Исполнилось тогда восемнадцать. Девчонки в общежитии завидовали: «К морю едешь, а нам опять в Краснове пыль глотать. Да и скучища с охламонами нашими. Ты-то там наверняка найдешь мужика стоящего». Собрали у всех лучшие платья, одних босоножек запихнули в чемодан три пары: «Нам ни к чему, все равно сурепку дергать в подсобном хозяйстве, а на танцах охламоны и так пригласят, в тапочках, куда им от нас деваться».

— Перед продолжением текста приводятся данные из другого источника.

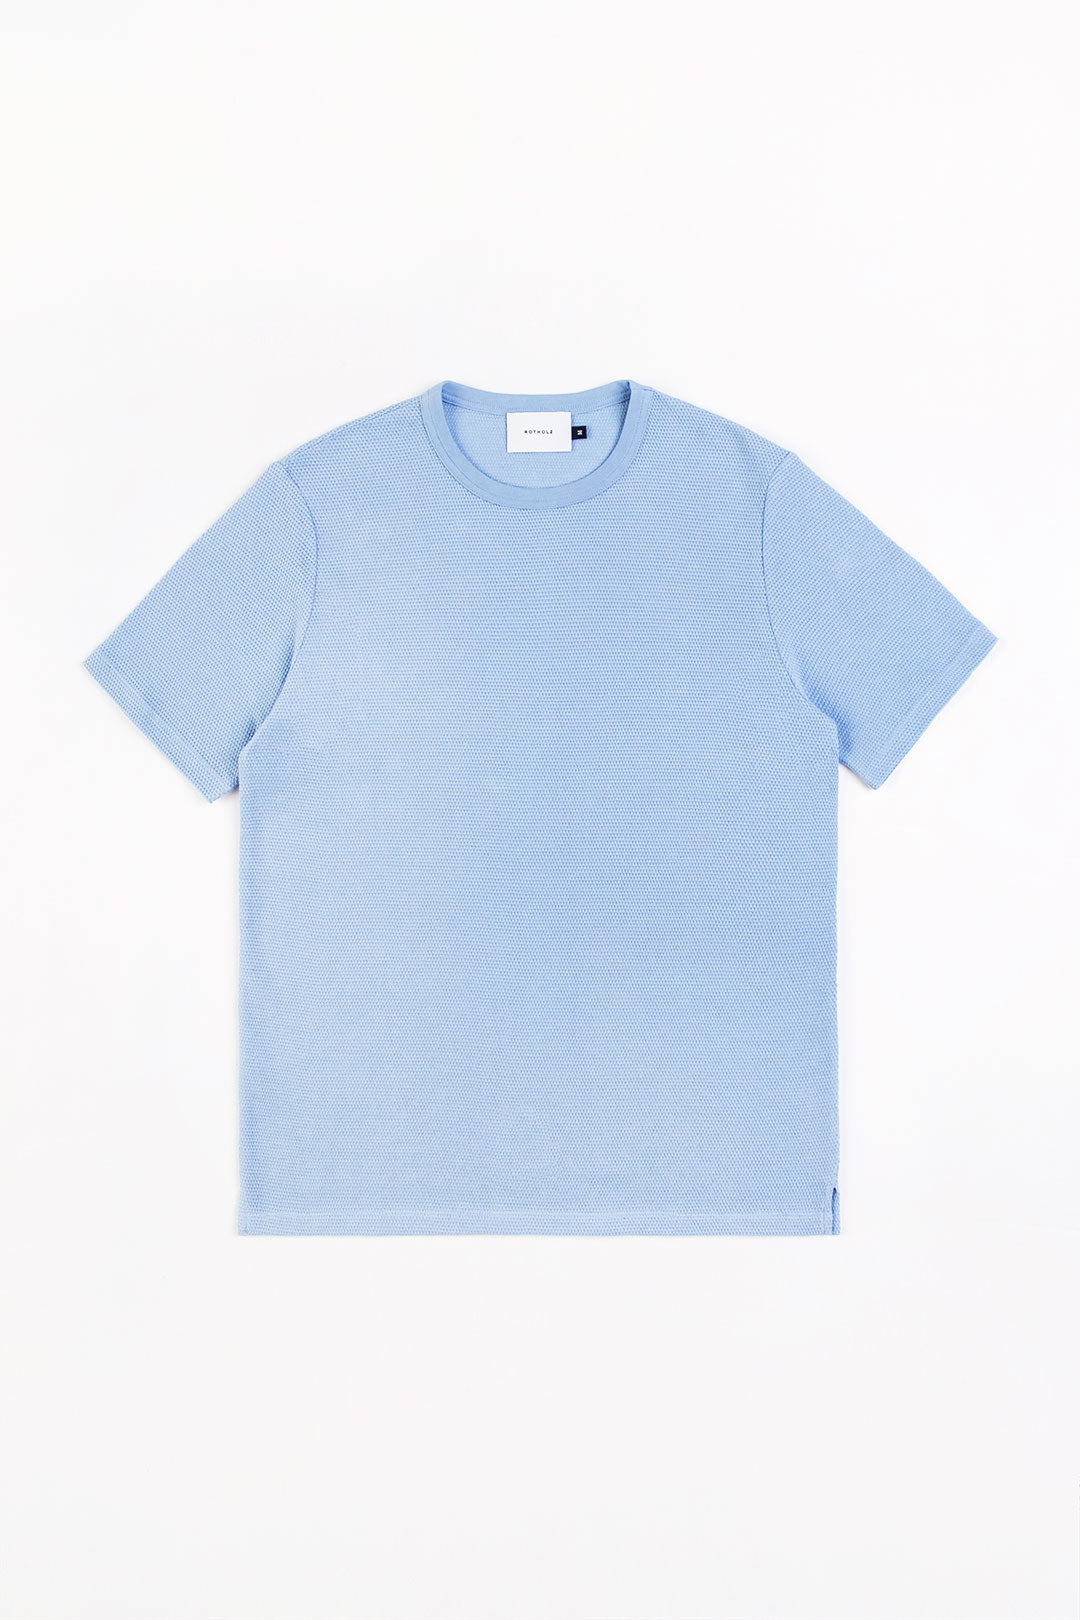 Hell-blaues T-Shirt aus aus 100% Bio-Baumwolle von Rotholz

Прошло уже полсрока путевки, а Саша по-прежнему была одна, и она смирилась с этим. Вечерами сидела в лоджии, вышивала или разглядывала гуляющих по набережной. Красивые платья висели в шкафу, ходила в своем выгоревшем ситцевом сарафане, что был короток и узок немного. Соседка по комнате, бойкая машинистка, тоже москвичка, целыми днями пропадала в бухтах, куда ходила с компанией дочерна загорелых ребят и девчонок с пыльными ногами. Саша тоже один раз ходила в бухту под названием Мертвая, но дорога показалась очень длинной и трудной, а когда пришли, ребята стали петь и играть на гитаре. По дороге и в бухте все без конца говорили, Саше напекло голову, от шумной болтовни она ушла под пыльное низкое одинокое деревце и там просидела весь день. Когда вернулись домой, соседка спросила раздраженно:

— Ты что, всю жизнь в Ницце отдыхала? Чего ты куксишься?

— Мне скучно было.

— Скучно — тогда сиди дома.

— Я и сижу, — сказала Саша, — мне уже в Москву хочется.

— Спешишь к станку?

— Вообще хочется. И в Краснове лучше.

Девочкам она написала веселое письмо, сообщила, что живет хорошо, место очень красивое, в соседнем санатории живут писатели и она два раза видела Окуджаву.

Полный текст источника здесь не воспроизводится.